Texas Üniversitesi Nörobilim Doktoru William Klemm’in caz müziğinin beyni nasıl etkilediği konusunda önemli bir çalışması var. Klemm kendi gençlik deneyimlerinden ve caza olan tutkusundan dolayı caz müziği-hafıza ilişkisini inceliyor. Klemm’in caz tutkusu 19 yaşında başlamış. O yaşlarda caz kulüplerine gittiğinde ilk zamanlar cazda var olan “şekilsiz” ve bir bütün oluşturmayan seslere bir anlam verememiş. Daha sonra ise bu etkiyi araştırmaya girişmiş. Caz müziğinin girişi belli bir melodi ile açılır ve doğaçlama bir biçimde melodiler arka arkaya gelmeye başlar; fakat bir düzen yoktur. Müziğin sonlarına doğru ise açılış melodisine geri dönülür. Burda Klemm şunu belirtiyor, bu müziğin vücutta yarattığı “akışı” hissetmek için bu müziğin detaylarını bilmeye gerek yok. Caz müziğinin kendisinde var olan doğal bir akıştır bu, herhangi bir kuralı veya dizilimi yoktur. Bu sebepten caz müzik vücutla ve zihinle her daim bir iletişim halindedir. Doğal bir zihin akışı…
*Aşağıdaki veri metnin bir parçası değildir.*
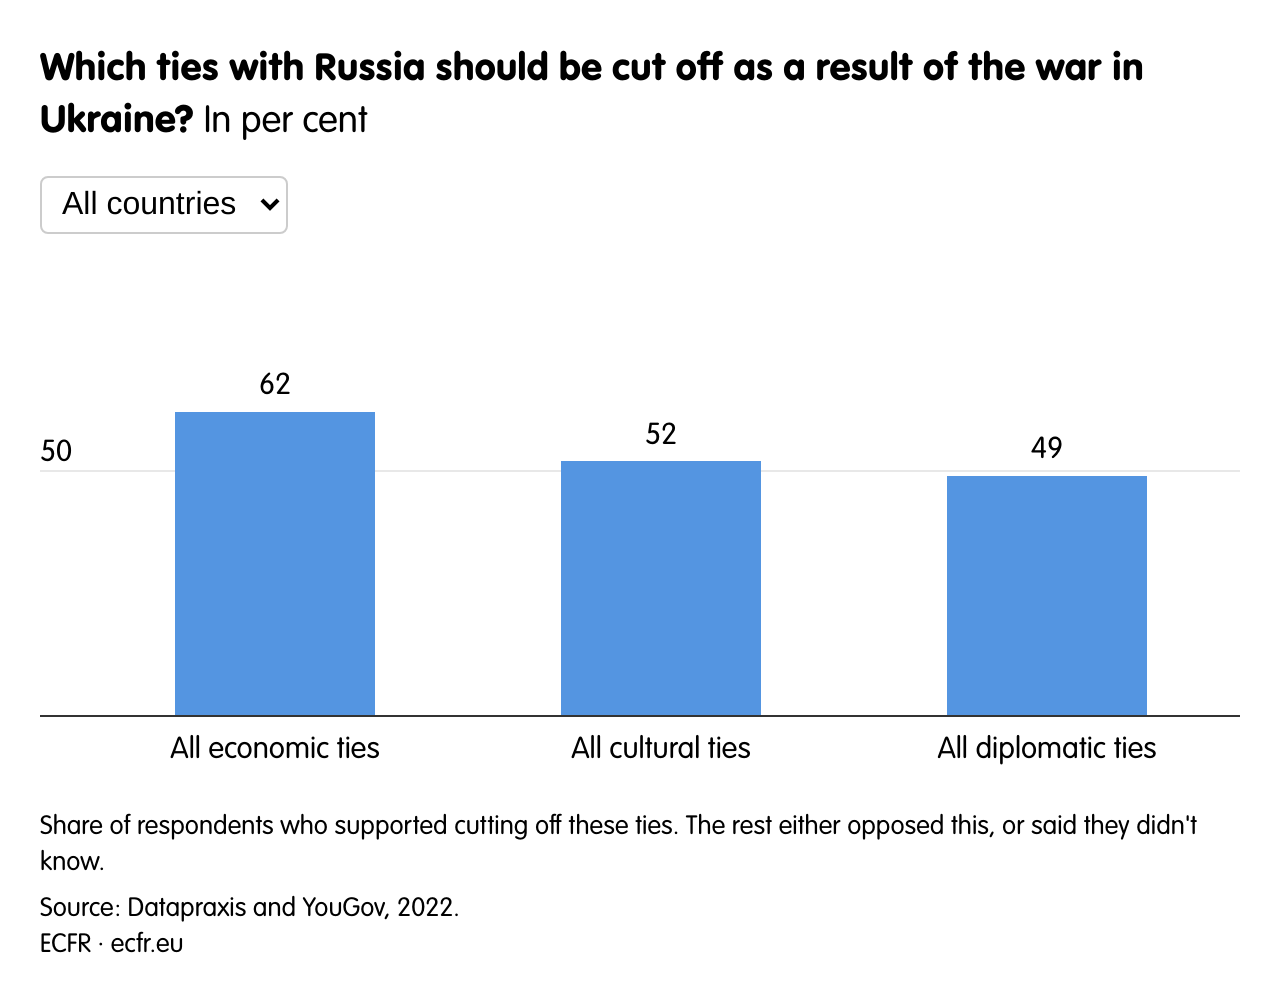 Which ties with Russia should be cut off as a result of the war in Ukraine?
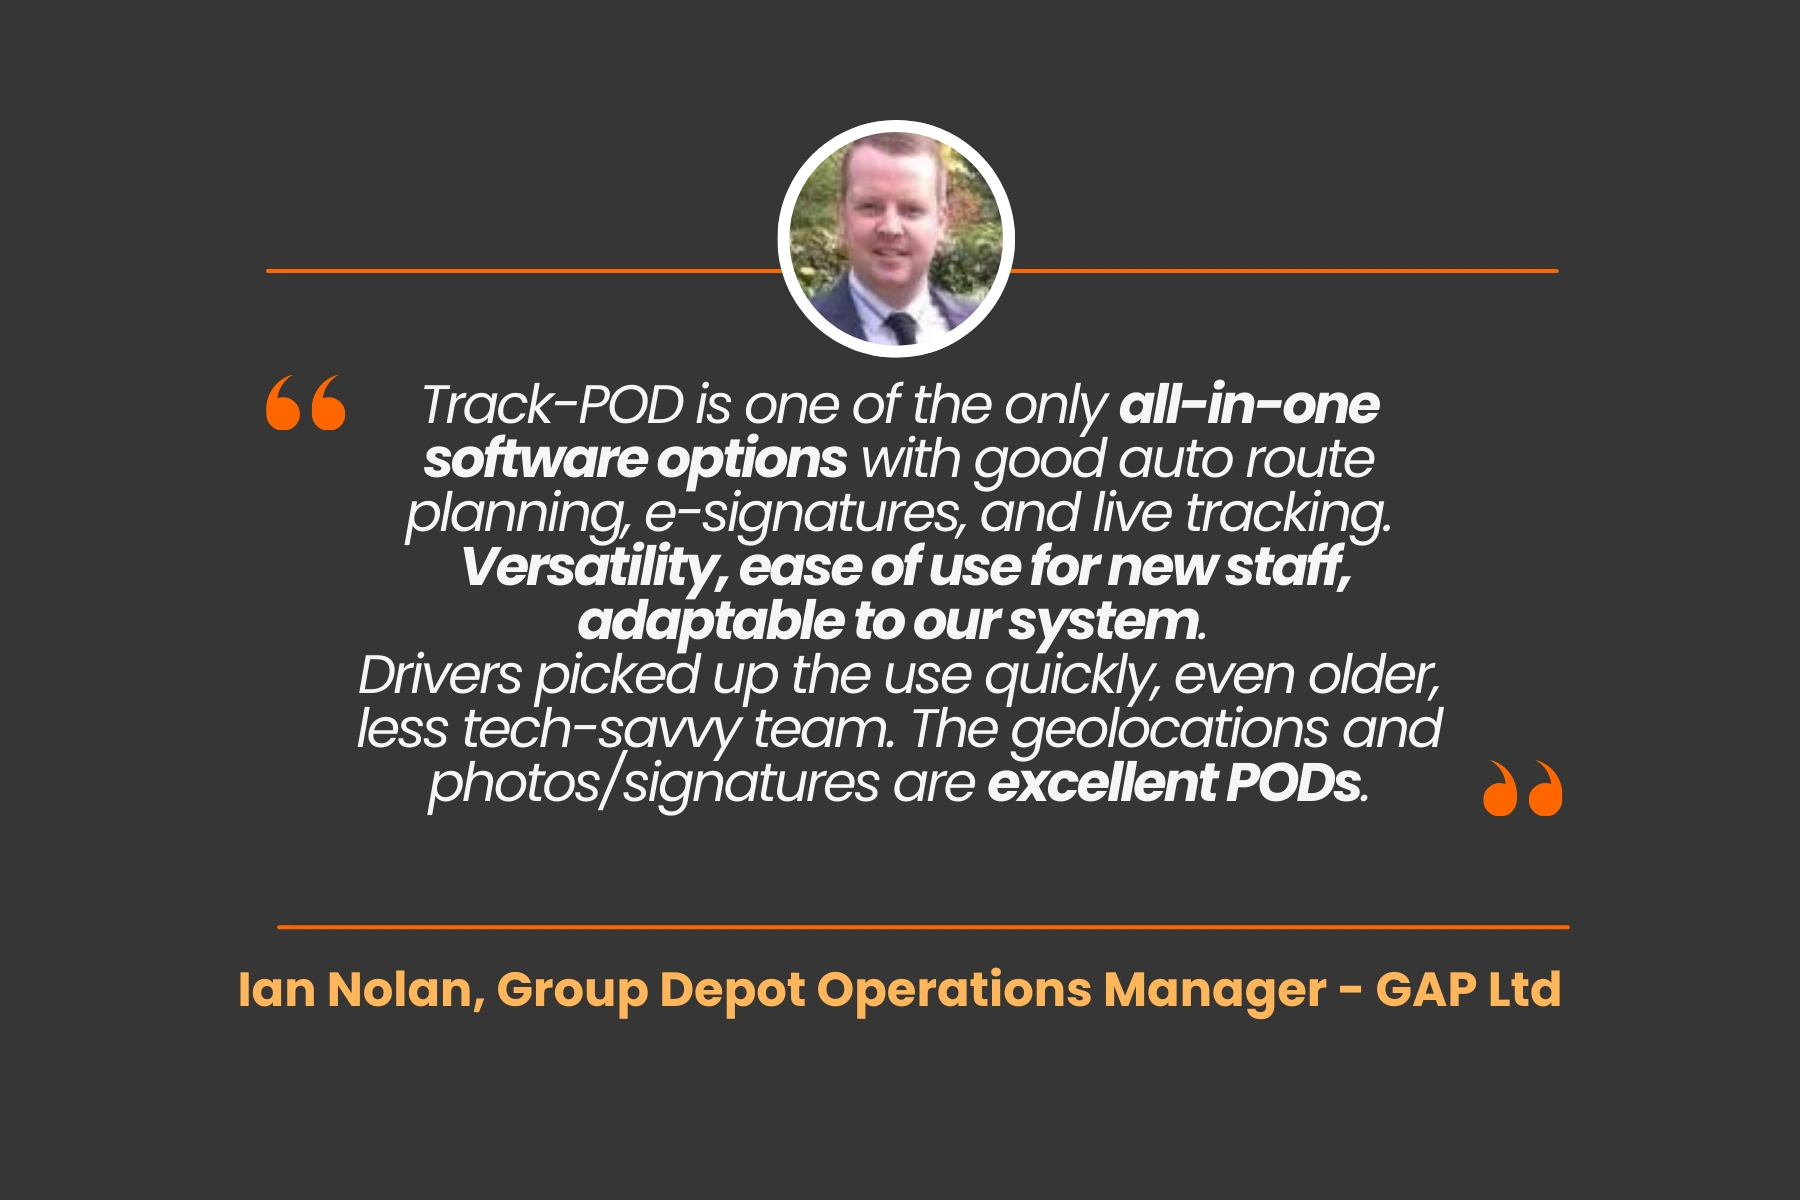 Gap Ltd boosts their wholesale operations with Track-POD's automated order routing

Caz sadece bu müziği icra edenleri değil, bu müziği dinleyenleri de etkisi altına alır. En önemli etkisi stres seviyesini azaltmasıdır. Stres, hafızanın en büyük düşmanıdır. Stresli olduğumuz zamanlar hiçbir şeyi doğru düzgün hatırlayamayız ve stresin getirdiği acelecilik ile pek çok şeyi unutabiliriz. Klemm bu noktada kendi okul yıllarından bir örnek veriyor: Veterinerlik alanında yüksek lisans yaptığı zamanlarda insan anatomisinden daha karışık konuları öğrenmek için sınıf arkadaşları zorluklarla boğuşurken Klemm derslerde sürekli caz dinliyormuş ve o dönem çalıştığı konular aklından hiç çıkmamış. Klemm bunu o süreçteki stres seviyesine bağlıyor. Sınıf arkadaşları stres ve acele ile çalışırken caz müziğinin yarattığı doğal zihin akışı onu olumlu olarak etkilemiş.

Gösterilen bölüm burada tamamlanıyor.